Play around, have fun. This isn't a serious JoyCaption release. I just thought it was cool.

Feed Me Seymour

The biggest issue I've had building JoyCaption's VQA dataset is coming up with user queries. I'm not that creative, and, like I said, the existing datasets are no help here. So, I've been trying my best, leaning on AIs to help where they can. But my goal with JoyCaption has always been for the model to be useful to me and others. And that means I want to know what queries actual users want the model to handle. So for this demo I've added a checkbox that, when checked, enables logging of the text queries. Not the images, not the responses, no user data, only the text query. I don't want to see your weird images. If you leave this checked, I'll be able to look at the queries and guide how I train JoyCaption. So, if you can, thank you! If you can't, just uncheck and enjoy the model in private like god intended. And the model is public, so you aren't constrained to the HF space.

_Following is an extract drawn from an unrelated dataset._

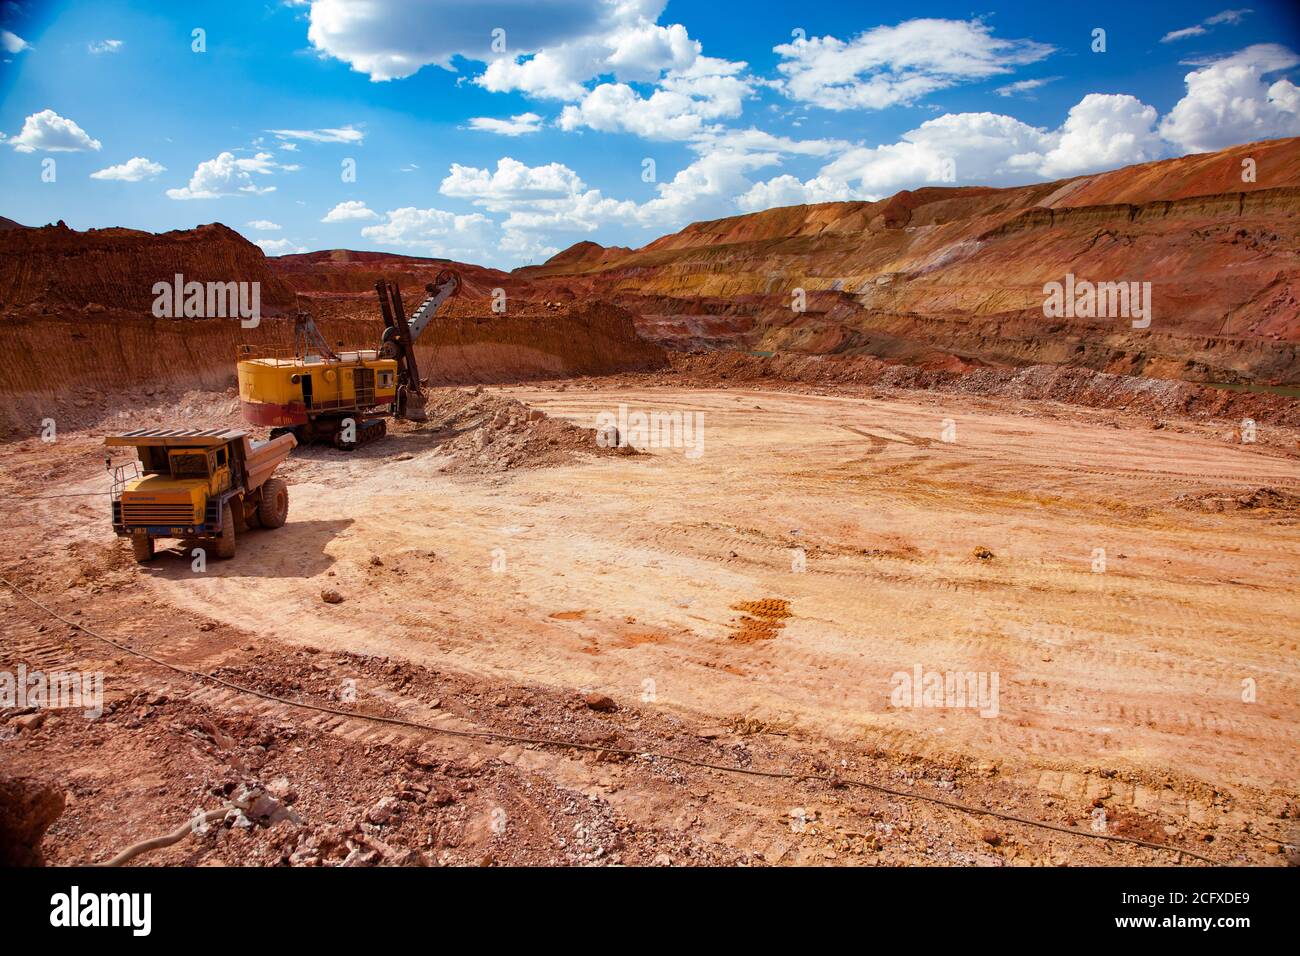 Aluminium ore mining and transporting. Bauxite clay quarry (mine). Excavator loading ore to Belaz dump truck. Blue sky with light clouds. Stock Photo

I'm most interested in seeing things like "here's some examples of captions I want you to emulate", since, again, I'm not very creative and I tend to just write captions like ... well like a robot I guess :P. And more complicated instructions where you ask the bot to follow specific requirements, so this will provide the most juice to JoyCaption's instruction following (though I gotta say in building just this small dataset so far, writing responses by hand where there's EIGHT different steps and requirements is ... painful. God help me.)

The Data

I often get questions about JoyCaption's dataset. As I've always said, the caption dataset, and this VQA dataset, will be released as best I can. Most likely closer to a v1 release. I know, I know. I've seen so many projects promise to "release later" and then it never happens. And I know it's frustrating from the outside. How hard can it be? But from the inside, it's not a simple, zip and upload. JoyCaption's project is a mess internally, with code, data, and notebooks scattered everywhere. My focus is on getting shit done, and that means things get messy. For the data side of things, I gotta go through and try to piece it all together into something more cohesive for release, and try to grab all the URLs, dataset references, etc. So please, have patience with me, I'm slow. Go write some weird queries into this model in the meantime.

As for the training code, the same applies. It's a mess. But I did just factor out a clean finetuning script (for the VQA stuff), so I might dump that soon. I think this work shows that JoyCaption can be finetuned with very little data, so maybe that's useful right now for users that want to shift its style.

Examples

What's an article without some examples!

First off, the most requested feature, being able to give JoyCaption some tags and having it use them:

That took a lot of coaxing, since any mention of "caption" tends to make the model fall back to its old behaviors. But this at least shows that it's getting there, slowly.

But what's the use of only good examples when the model has a sense of humor?

And hey, this isn't GPT4o. Sometimes it's just mean.

Feedback

As always, I appreciate any and all feedback. Thank you for taking the time to read this article. I hope it's interesting and maybe in some small way insightful. I hope the model is fun! There's lots of areas to improve JoyCaption, so keep the feedback coming. Progress is slow, but I'm always doing what I can to fold your requests into the model.